Pozytywnym elementem działalności Obywatelskiej Rady Ukrainy był fakt, że przedstawiciele organizacji obywatelskich mieli możliwość spotkania się przynajmniej raz w roku z przedstawicielami innych sektorów społeczeństwa obywatelskiego, by podjąć próbę wspólnego ustalenia problemów, które są ważne dla wszystkich oraz by przedyskutować sposoby ich rozwiązania. Poczynając od pierwszego spotkania Rady, która zebrała się jako odpowiedź na kryzys polityczny 2007 roku, uczestnicy Obywatelskiej Rady Ukrainy do dzisiaj głoszą hasła mówiące, że problemy polityczne można rozwiązać na drodze przyjęcia nowelizacji Konstytucji przez specjalnie wybraną Konstytuantę – Zgromadzenie Konstytucyjne.
Właśnie wzrost popularności Zgromadzenia Konstytucyjnego jest bez wątpienia zasługą działalności Obywatelskiej Rady Ukrainy. O tym, że idea naprawdę przyjęła się w społeczeństwie świadczy choćby fakt, że administracja Janukowycza zdecydowała się na przeprowadzenie symulacji obrad Zgromadzenia Konstytucyjnego i wykorzystanie ich wyników do własnych celów. Wiosną 2012 roku, rozporządzeniem prezydenta, wyznaczono członków Zgromadzenia Konstytucyjnego, którzy zgodnie z założeniem mają wypracować nowe brzmienie Ustawy Zasadniczej.
Symulacja obrad Zgromadzenia Konstytucyjnego oraz próba uzależnienia tego organu przez Janukowycza jest sporym wyzwaniem dla organizacji członkowskich Obywatelskiej Rady Ukrainy. Pomysł organizacji Obywatelskiego Zgromadzenia Konstytucyjnego, w odpowiedzi na działanie Administracji Prezydenta, wydaje się zbyt trudny do realizacji nie tylko przez Obywatelską Radę Ukrainy, ale w ogóle w kontekście możliwości organizacji obywatelskich, przynajmniej w obecnej chwili.
Jedną z idei, która stymulowała procesy integracyjne w środowiskach obywatelskich, była potrzeba reform. W ten sposób stworzono Obywatelski Komitet Konstytucyjny (ukr. Громадський Конституційний комітет, ГКК), który zjednoczył najważniejszych niezależnych ekspertów poszczególnych dziedzin i aktywnie działał prawie przez dwa lata. W ramach jego działalności przygotowano „Białą” oraz „Zieloną Księgę Reform Konstytucyjnych”.

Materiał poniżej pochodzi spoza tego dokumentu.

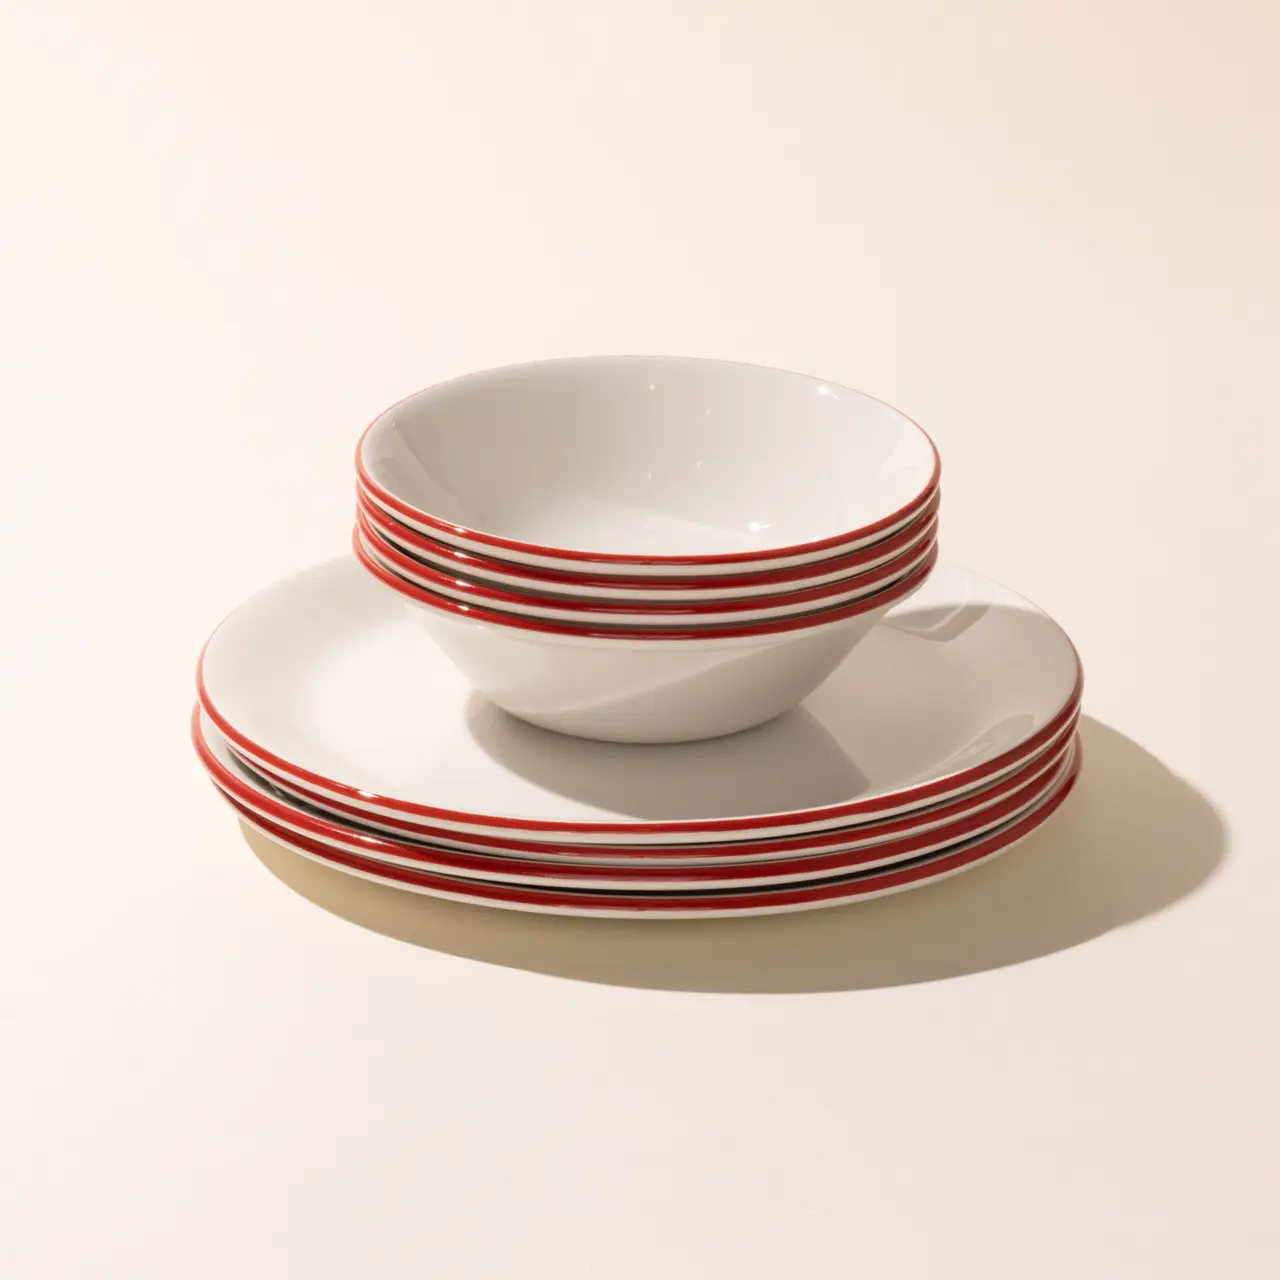 Plateware and Flatware Sets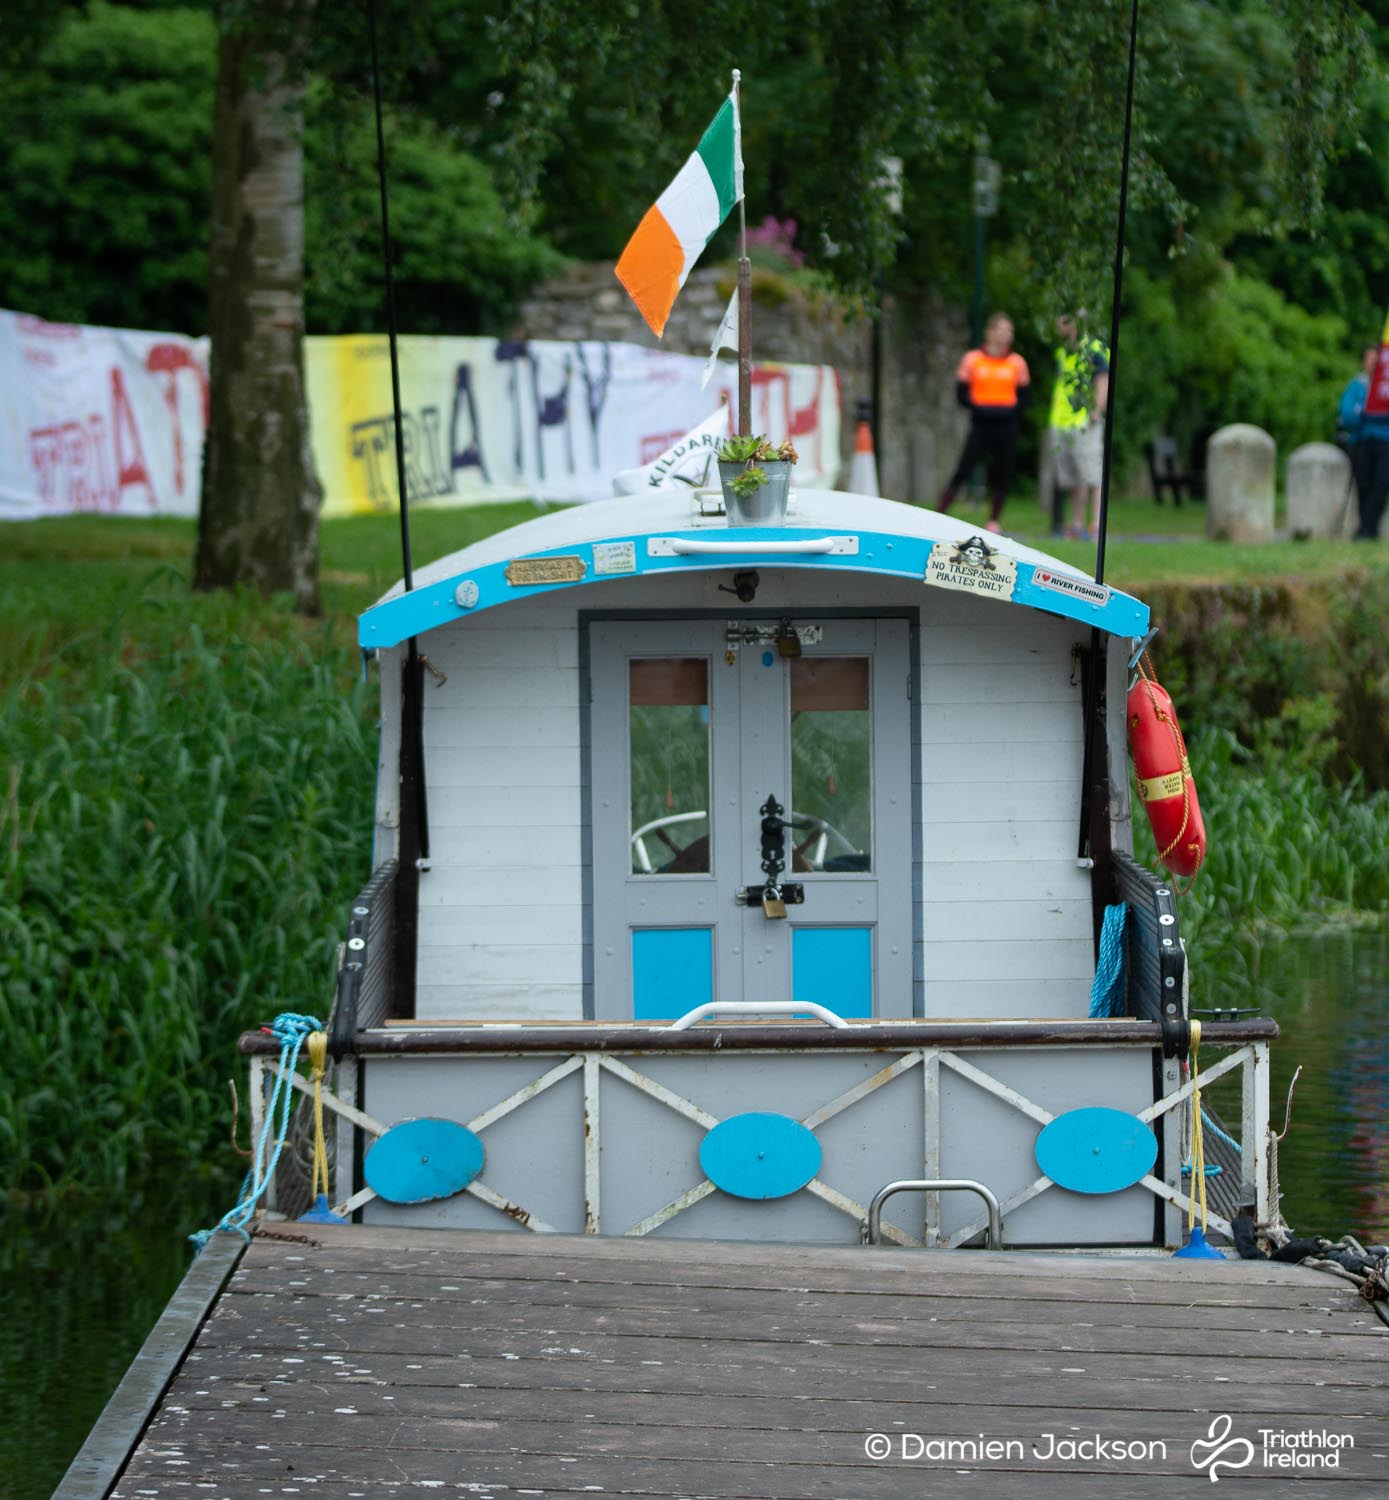 Athy_2018 (16 of 526) - TriAthy - XII Edition - 2nd June 2018

Inna Inicjatywa – Sieć Wsparcia Reform – powstała jako pomysł Laboratorium Inicjatyw Ustawodawczych. Do jej składu wybrano osiem silnych regionalnych organizacji obywatelskich, które posiadały znaczny potencjał instytucjonalny oraz posiadały status doświadczonych organizacji o charakterze analityczno‑eksperckim. Podstawą działalności sieci była analiza polityki zarówno na poziomie narodowym, jak i regionalnym. W centrum uwagi organizacji znajduje się monitoring wyborów, analiza ich wyników oraz lobbing na rzecz zmian ustawodawczych, które sprzyjałyby rozwojowi samorządu lokalnego. Sieć publikuje od czasu do czasu swoje oświadczenia, dotyczące wydarzeń politycznych w Ukrainie. Obecnie organizacja prowadzi kampanię dotyczącą poprawek w projekcie ustawy o referendach lokalnych.
Ciekawym etapem w życiu społeczeństwa obywatelskiego było pojawienie się w 2009 roku kampanii obywatelskiej Nowy Obywatel (ukr. Новий Громадянин, НГ), której działalność zaplanowano do momentu wyborów prezydenckich. Idea kampanii opierała się na założeniu, że każdy powinien zaczynać od siebie, każdy może stać się „nowym obywatelem” – aktywnym oraz odpowiedzialnym. Kampania zjednoczyła prawie czterdzieści organizacji obywatelskich, działających przeważnie w Kijowie. Posiadając dobre relacje ze środowiskiem dziennikarskim oraz umiejętnie angażując ciekawe osobistości, organizatorzy kampanii potrafili stworzyć nadzwyczaj jaskrawy oraz kreatywny „obrazek”, który szybko się rozprzestrzenił, szczególnie w środowisku internetowym.
Działalność kampanii Nowy Obywatel kończyło forum, na które zaproszono nowo wybranego prezydenta, do którego skierowano ponad tysiąc pytań, zebranych wspólnie z popularnym wydaniem internetowym gazety Ukraińska Prawda i ułożonych według ważności na drodze głosowania czytelników.
Po zakończeniu działalności kampanii Nowy Obywatel, nazwa zmieniona została na Partnerstwo i w ten sposób projekt stał się kolejnym nieformalnym zrzeszeniem organizacji obywatelskich. Aktywiści, którzy stanowili siłę napędową Nowego Obywatela, stworzyli także nową organizację obywatelską Centr UA, która stała się swojego rodzaju centrum zarządzającym Nowym Obywatelem oraz kilkoma innymi ciekawymi inicjatywami. Podsumowując. W trakcie wyborów prezydenckich w 2010 roku, sektor obywatelski był słabo skonsolidowany i – za wyjątkiem kampanii Nowy Obywatel – nie stworzył nowych, ciekawych idei czy ruchów masowych.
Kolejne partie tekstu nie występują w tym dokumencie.